In the first part of the problem you were asked about the change in just the Moon's gravitational force. Now you are asked about the change in the apparent weight, which is a scale reading. This reading will include the effects of the earth's gravity.

9. May 2, 2008

### KMjuniormint5

how am i suppose to calculate the tidal force? use the answer in part a and 9.8*answer. . . take that answer and subtract it from 9.8 . . . to get how much the moon decreases the "gravity" on me. . .and then use the same formula to calculate percentage?

10. May 2, 2008

### alphysicist

Assume the moon is directly overhead. If you're standing on a scale, what would be it's reading? (You have three forces acting on you, and no acceleration.)

What would be the reading if it's directly opposite that?

Those would give you the two scale readings, and you want to know how much of a percent decrease is involved in going from the larger to the smaller.

11. May 2, 2008

### JimChampion

I don't know what your knowledge of calculus is like, but (a) can be solved (to a first level of approximation) using calculus...

(1) If F is the gravitational attraction between you and Moon, and R is separation between you and Moon...

$$\frac{dF}{F} = 2\:\frac{dR}{R}$$

If you can work out why this is true then this is the solution for you!

(2) You know the change in separation and the mean separation, so you can work out the fractional change in force like this...

$$\frac{\delta F}{F} = 2\:\frac{\delta R}{R} = 2\:\frac{12740}{382000} = 0.0667$$

i.e. a change of approximately 7% (to a first-order approximation)

Nice thing about this method is you don't need to know $$G$$, $$M_{moon}$$, $$M_{you}$$, you just need to know the data you were given in the original question and the fact that $$F$$ is inversely proportional to $$R^2$$.

[I've left the detailed out - is this the right thing to do in this forum? Otherwise it seems like you've giving it away!]

Last edited: May 2, 2008
12. May 2, 2008

### D H

Staff Emeritus
The tidal "forces" are a kind of pseudo-force. Pseudo-forces result when one performs calculations in a non-inertial reference frame. For example, a centrifugal force and Coriolis effect arise if you want to use Newton's second law (F=ma) in a rotating reference frame. Similar issues arise in an accelerating reference frame. This is exactly what is happening in this problem. You are implicitly working in an Earth-centered reference frame, and this is a non-inertial frame. The Earth is accelerating toward the Moon.

Suppose you are standing on the point on the surface of the Earth that is on the line segment connecting the Earth's center of mass and the Moon's center of mass. You're acceleration toward the Moon due to the Moon's gravitational field is

$$a_{\text{person}} = \frac {GM_{\text{moon}}} {(R_{\text{moon}}-r_{\text{earth}})^2}$$

where $R_{\text{moon}}$ is the distance between the Earth and the Moon and $r_{\text{earth}}$ is the radius of the Earth.

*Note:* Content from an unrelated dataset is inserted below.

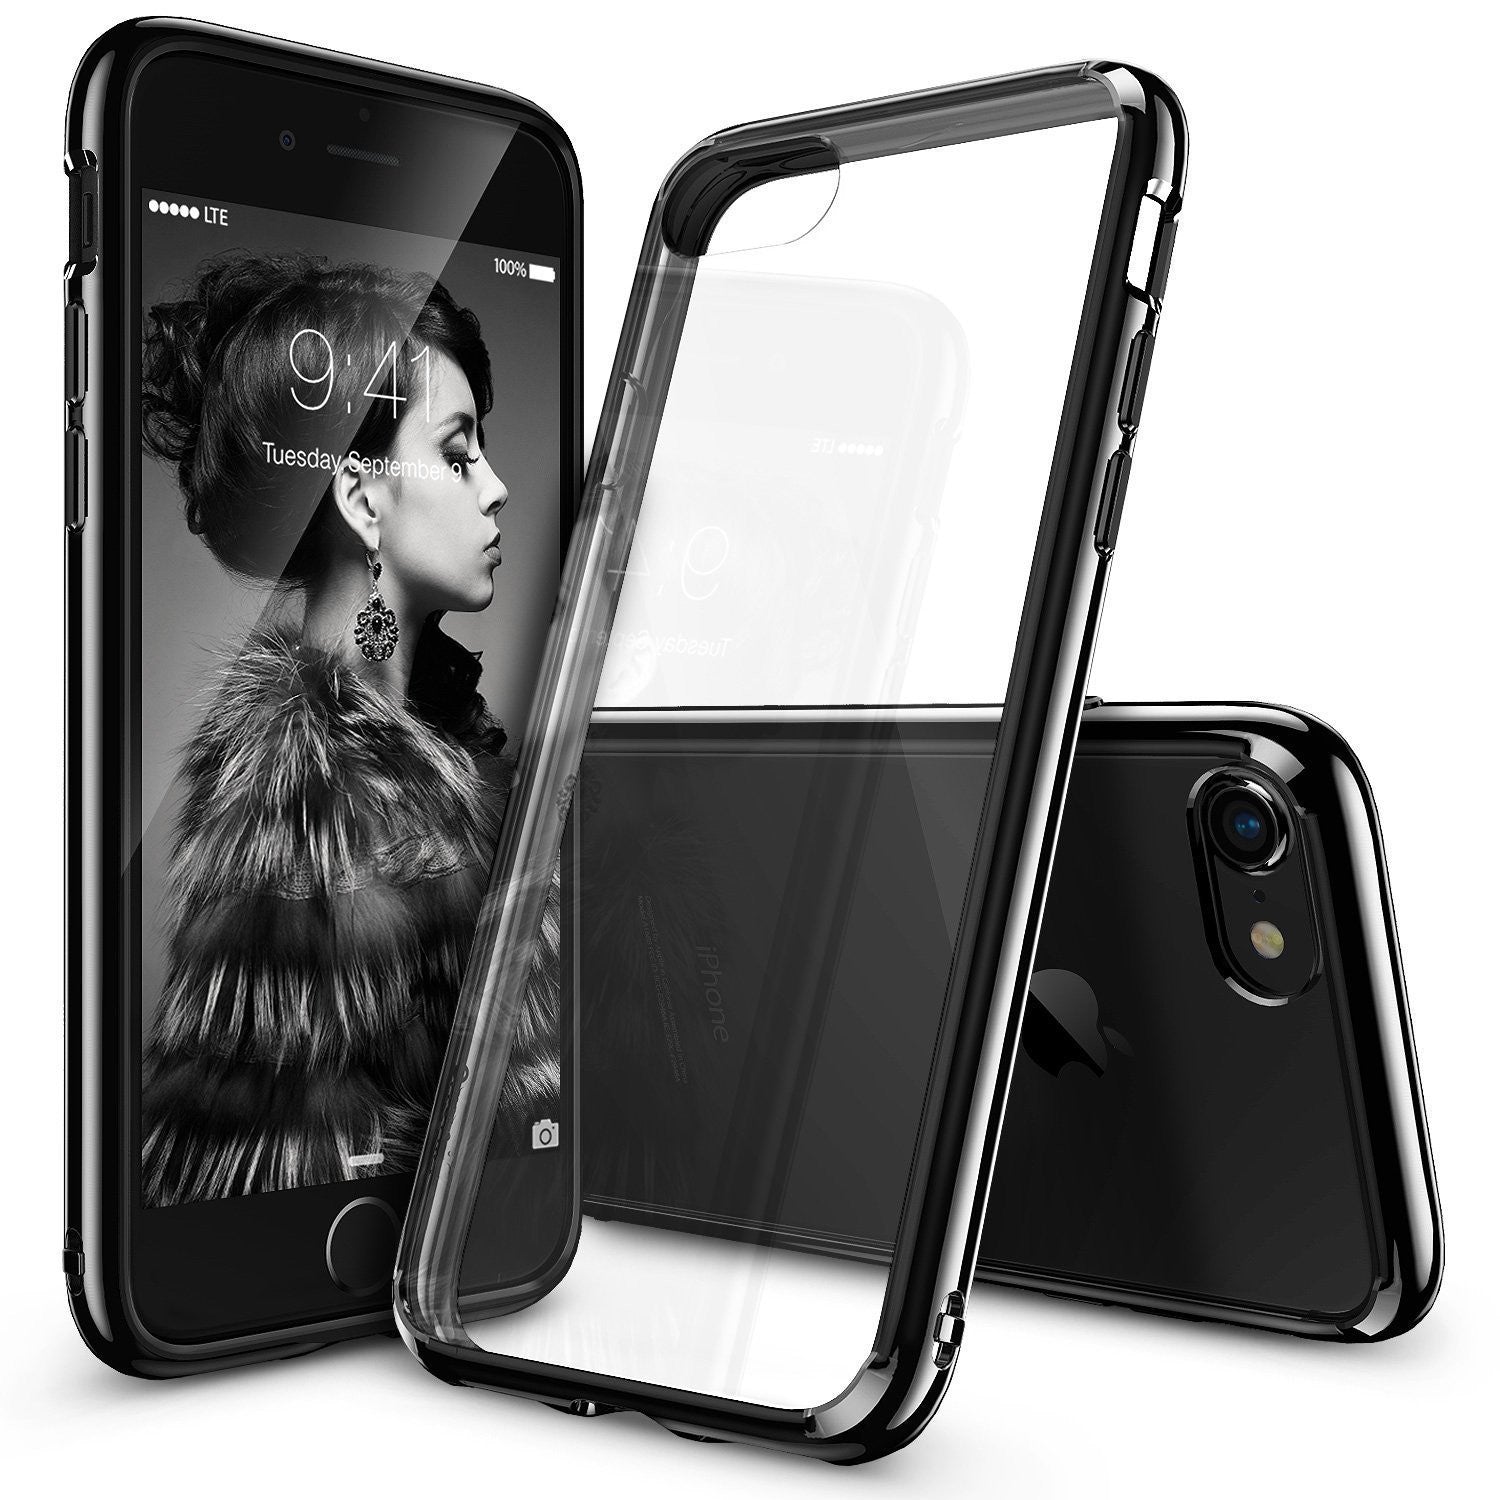 Θηκη Ringke Fusion - iPhone 7 /8 / SE 2020 - Black - iThinksmart.gr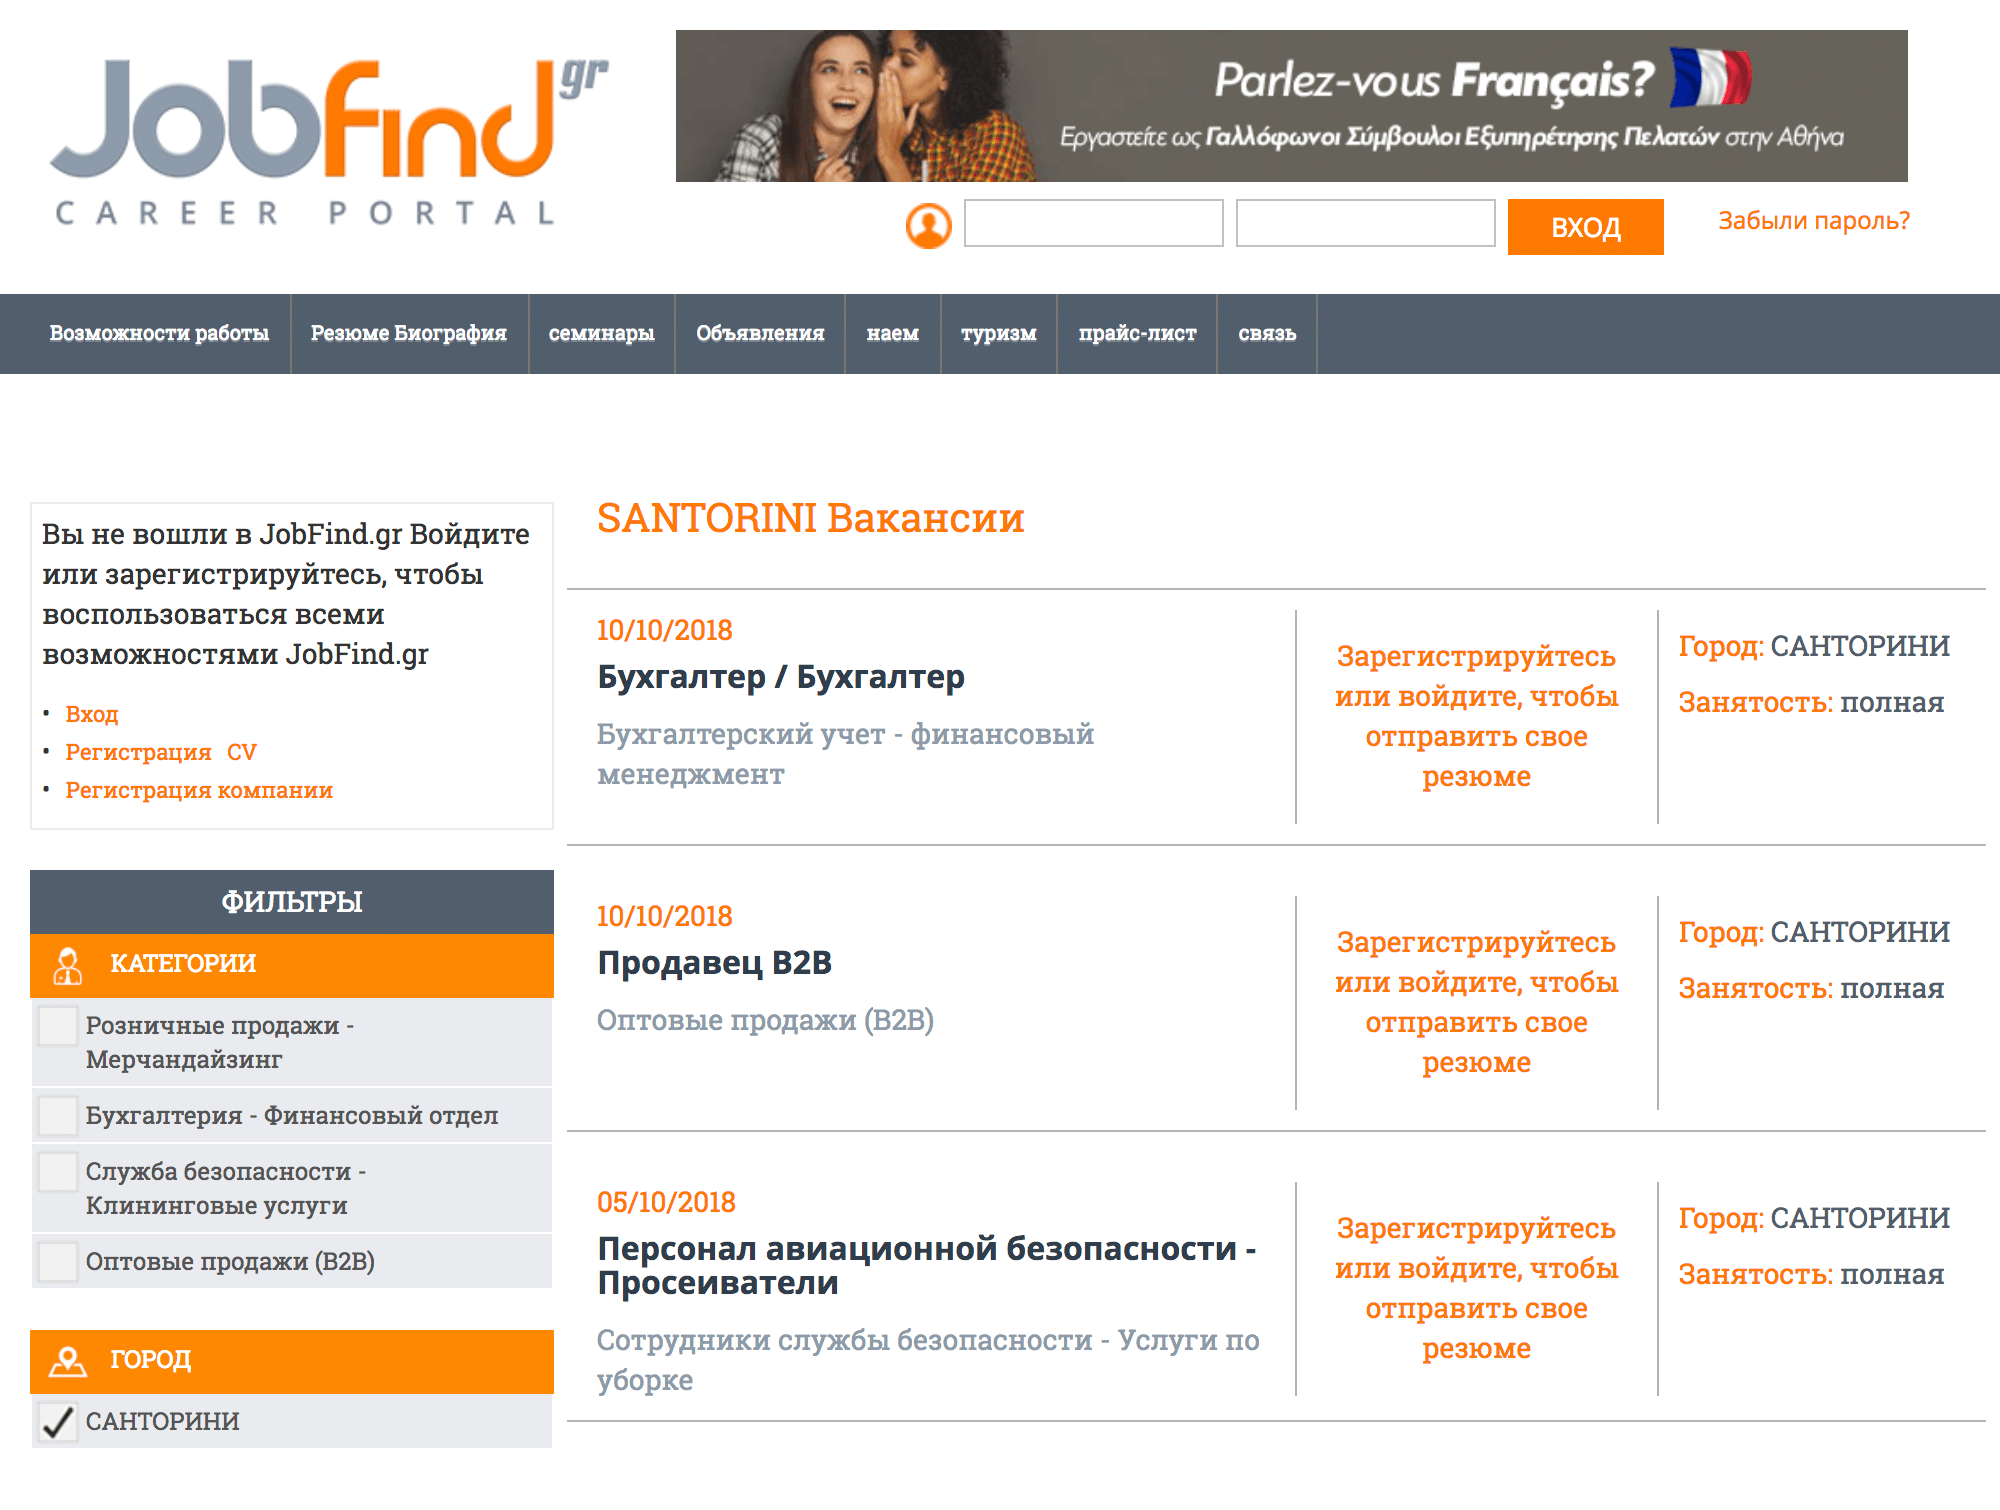 Один из популярных сайтов для поиска работы в Греции, в частности на Санторини

The Earth itself is accelerating toward the Moon:

$$a_{\text{earth}} = \frac {GM_{\text{moon}}} {{R_{\text{moon}}}^2}$$

You are standing on a scale that in turn is on the surface of the Earth (i.e., you are stationary in an Earth-centered frame). Therefore, the impact of the Moon on the scale's reading is the difference between these two accelerations. Use a similar argument to find the impact of the Moon when you are standing on the point on the Earth that is opposite the Moon. What you the need to calculate is the difference between these two scale readings.